You can new music apps not only for Windows, Mac, and Linux (including embedded platforms like Raspberry Pi), but iOS and Android, too. And while developers might go create their own DAW, they might also build other creative tools for performance and production.

The tutorials section already includes examples for simple playback, independent manipulation of pitch and time (meaning you could conceivably turn this into your own DJ deck), and a step sequencer.

We’ve had an open source DAW for years – Ardour. But this is something different – it’s clear the developers have created this with the intention of producing a reusable engine for other things, rather than just dumping the whole codebase for an entire DAW.

Okay, my Unreal and Unity examples are a little optimistic – those are friendly to hobbyists and first-time game designers. Tracktion Engine definitely needs you to be a competent C++ programmer.

But the entire engine is delivered as a JUCE module, meaning you can drop it into an existing project. JUCE has rapidly become the go-to for reasonably painless C++ development of audio tools across plug-ins and operating systems and mobile devices. It’s huge that this is available in JUCE.

Even if you’re not a developer, you should still care about this news. It could be a sign that we’ll see more rapid development that allows music loving developers to try out new ideas, both in software and in hardware with JUCE-powered software under the hood. And I think with this idea out there, if it doesn’t deliver, it may spur someone else to try the same notion.

I’ll be really interested to hear if developers find this is practical in use, but here’s what they’re promising developers will be able to use from their engine:

A wide range of supported platforms (Windows, macOS, Linux, Raspberry Pi, iOS and Android)
Tempo, key and time-signature curves
Fast audio file playback via memory mapping
Audio editing including time-stretching and pitch shifting
MIDI with quantisation, groove, MPE and pattern generation
Built-in and external plugin support for all the major formats
Parameter adjustments with automation curves or algorithmic modifiers
Modular plugin patching Racks
Recording with punch, overdub and loop modes along with comp editing
External control surface support
Fully customizable rendering of arrangements

The licensing is also stunningly generous. The code is under a GPLv3 license – meaning if you’re making a GPLv3 project (including artists doing that), you can freely use the open source license.

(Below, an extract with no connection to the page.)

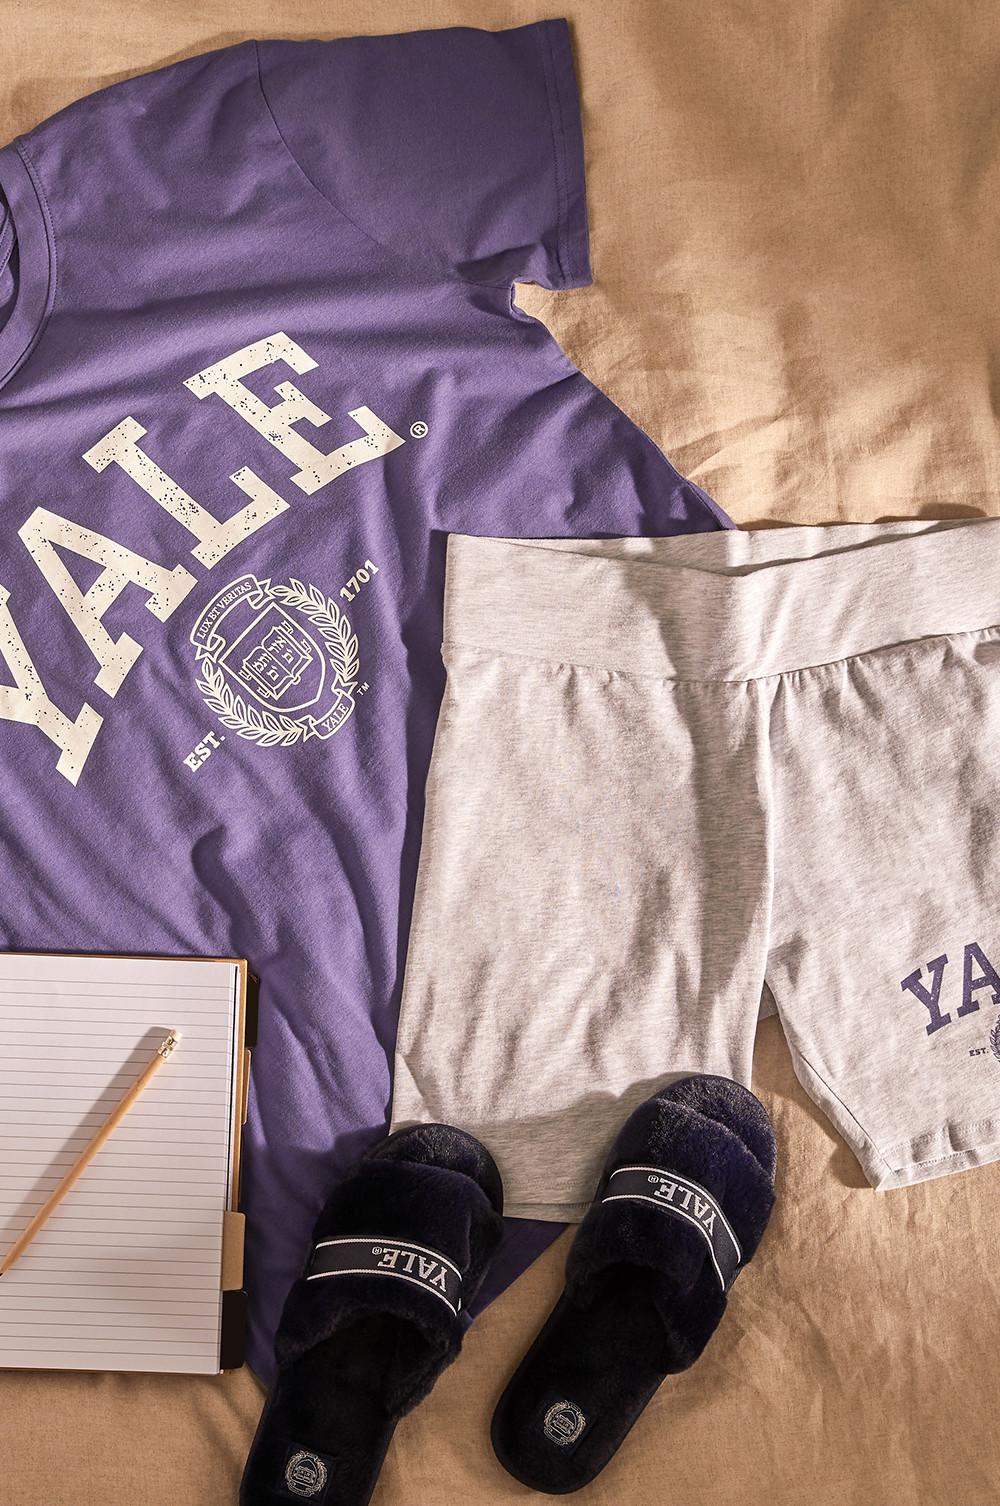 Flatlay of Yale pyjamas and accessories

But even commercial licensing is wide open. Educational projects get forum support and have no revenue limit whatsoever. (I hope that’s a cue to academic institutions to open up some of their licensing, too.)

Personal projects are free, too, with revenue up to US$50k. (Not to burst anyone’s bubble, but many small developers are below that threshold.)

For $35/mo, with a minimum 12 month commitment, “indie” developers can make up to $200k. Enterprise licensing requires getting in touch, and then offers premium support and the ability to remove branding. They promise paid licenses by next month.

Check out their code and the Tracktion Engine page:

I think a lot of people will be excited about this, enough so that … well, it’s been a long time. Let’s Ballmer this.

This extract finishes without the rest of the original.